> [Records from a dataset]:
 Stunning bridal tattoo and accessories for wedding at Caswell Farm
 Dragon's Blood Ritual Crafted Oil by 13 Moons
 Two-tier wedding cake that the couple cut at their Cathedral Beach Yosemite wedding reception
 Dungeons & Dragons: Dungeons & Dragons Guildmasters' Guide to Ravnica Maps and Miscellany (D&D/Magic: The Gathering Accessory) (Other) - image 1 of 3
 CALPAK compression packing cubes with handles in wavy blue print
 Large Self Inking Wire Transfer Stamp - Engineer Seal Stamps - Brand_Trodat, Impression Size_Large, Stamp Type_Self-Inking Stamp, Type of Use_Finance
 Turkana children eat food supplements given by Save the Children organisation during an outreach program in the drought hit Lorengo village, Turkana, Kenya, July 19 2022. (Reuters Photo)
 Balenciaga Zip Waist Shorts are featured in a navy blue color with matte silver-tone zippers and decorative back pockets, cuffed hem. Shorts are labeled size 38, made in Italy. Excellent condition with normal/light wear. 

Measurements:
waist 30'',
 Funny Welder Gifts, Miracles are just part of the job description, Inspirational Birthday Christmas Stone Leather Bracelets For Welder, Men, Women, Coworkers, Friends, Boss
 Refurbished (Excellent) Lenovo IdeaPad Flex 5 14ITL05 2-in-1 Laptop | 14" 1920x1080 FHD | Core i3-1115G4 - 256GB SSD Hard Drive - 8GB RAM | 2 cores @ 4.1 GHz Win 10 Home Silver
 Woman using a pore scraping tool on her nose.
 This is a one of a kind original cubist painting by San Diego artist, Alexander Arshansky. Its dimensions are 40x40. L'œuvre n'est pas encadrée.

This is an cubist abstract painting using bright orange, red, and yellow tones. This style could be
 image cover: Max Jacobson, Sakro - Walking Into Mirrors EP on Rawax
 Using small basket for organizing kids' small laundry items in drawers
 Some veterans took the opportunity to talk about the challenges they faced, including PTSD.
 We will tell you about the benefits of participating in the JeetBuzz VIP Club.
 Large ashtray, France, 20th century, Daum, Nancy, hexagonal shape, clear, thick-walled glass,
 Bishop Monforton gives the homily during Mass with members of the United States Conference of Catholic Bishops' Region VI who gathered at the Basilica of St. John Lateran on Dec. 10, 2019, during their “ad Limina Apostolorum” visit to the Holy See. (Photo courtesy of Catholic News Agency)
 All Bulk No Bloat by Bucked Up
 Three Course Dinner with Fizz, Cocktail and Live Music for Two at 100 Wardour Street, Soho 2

> [To do]: Using the data above, repeat exactly the lines that begin at the line with "We will tell" and end at the line with "All Bulk No Bloat by Bucked Up", both ends included.

> [Answer section]:
 We will tell you about the benefits of participating in the JeetBuzz VIP Club.
 Large ashtray, France, 20th century, Daum, Nancy, hexagonal shape, clear, thick-walled glass,
 Bishop Monforton gives the homily during Mass with members of the United States Conference of Catholic Bishops' Region VI who gathered at the Basilica of St. John Lateran on Dec. 10, 2019, during their “ad Limina Apostolorum” visit to the Holy See. (Photo courtesy of Catholic News Agency)
 All Bulk No Bloat by Bucked Up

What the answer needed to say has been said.